Good science starts with good child-rearing - a dying art in most declining societies that simply don't allocate enough resources to this very basic function of "creating good science."

Likewise, social trust is required for "good science," and you don't get that with race-based wars of empire, or cannabilistic and unequal economic systems.


My point is that science cannot be used as a guide for morality. That was the purpose behind my example; to ironman the position.
#15028740
Palmyrene wrote:Let's say I had a button that could cause excruciating pain to everyone on Earth including myself. To tell me that I shouldn't press the button is still a moral statement.

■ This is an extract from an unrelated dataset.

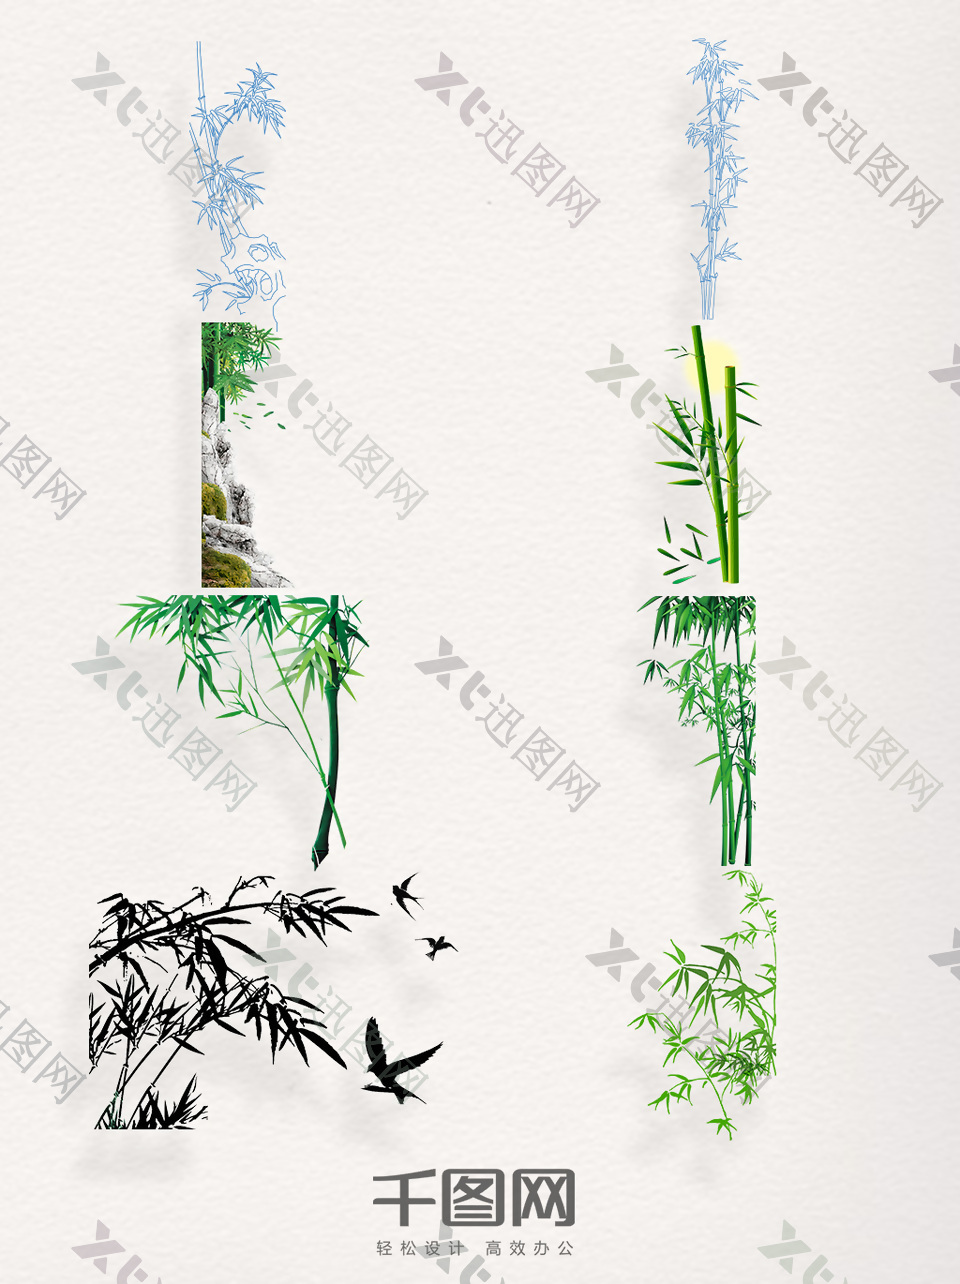 一组中国风手绘竹子装饰图

A lot of dinks who can't think for shit say the the universe is cold and indifferent and so can't have anything like an objective morality, but the universe isn't just the 4 dimensions of physics. The universe has a non-physical inner 5th dimension of mind(not the lame woowoo new age cosmic consciousness nonsense but human cognition), is and ought are reconciled within that dimension.
#15028748
Sivad wrote:A lot of dinks who can't think for shit say the the universe is cold and indifferent and so can't have anything like an objective morality, but the universe isn't just the 4 dimensions of physics. The universe has a non-physical inner 5th dimension of mind(not the lame woowoo new age cosmic consciousness nonsense but human cognition), is and ought are reconciled within that dimension.


Sorry, are you agreeing or disagreeing with me?
#15028779
Whether science can be used as a guide for morality really depends on how "science" is conceived of and defined. Science was controlled by religious organizations for a long time but it was ultimately more materially effective not to do this, although refusing to do so is also heavily correlated with social decay in the west.
#15028985
Palmyrene wrote:My point is that science cannot be used as a guide for morality. That was the purpose behind my example; to ironman the position.

Yes, but your example leads to many other conclusions that don't really ironman (or even half-marathon) your stated position.

The fake, profit-based technologies that we call "science" in our time, are not real science, and can't be used as an example of science creating morality.

Instead, the huge advance in weapons of torture, murder, and espionage developed over the last few centuries (millennia) actually demonstrate how poison-science leads to poison morals. Which could be seen as also suggesting that the opposite is true, that good science leads to good morals.
#15028992
QatzelOk wrote:Yes, but your example leads to many other conclusions that don't really ironman (or even half-marathon) your stated position.

The fake, profit-based technologies that we call "science" in our time, are not real science, and can't be used as an example of science creating morality.

Instead, the huge advance in weapons of torture, murder, and espionage developed over the last few centuries (millennia) actually demonstrate how poison-science leads to poison morals. Which could be seen as also suggesting that the opposite is true, that good science leads to good morals.


I don't see how science, which is about observing the universe, can give us conclusions about it.

Science gives us information and data but it doesn't make any good moral conclusions about that data.
#15029283
Palmyrene wrote:I don't see how science, which is about observing the universe, can give us conclusions about it.

Science gives us information and data but it doesn't make any good moral conclusions about that data.

Before Europe turned into mafia-run superstitious war-states, "sciences" included morality: how to live well with other people.

And to get permission to study advanced sciences, one had to prove one's moral virtue. Otherwise, the state - through education - would be giving technically advanced means to a moral idiot. Dangerous.

So dangerous it could lead to extinction on a large scale. (We are there now)

Knowing how to live peaceably and constructively among others is just as important as agriculture, physics, or chemistry. Arguably, it is infinitely MORE important, and thus worthy of scientific enquiry and observations.

Europeans threw morality-as-science under the bus in order to live with greed-as-science.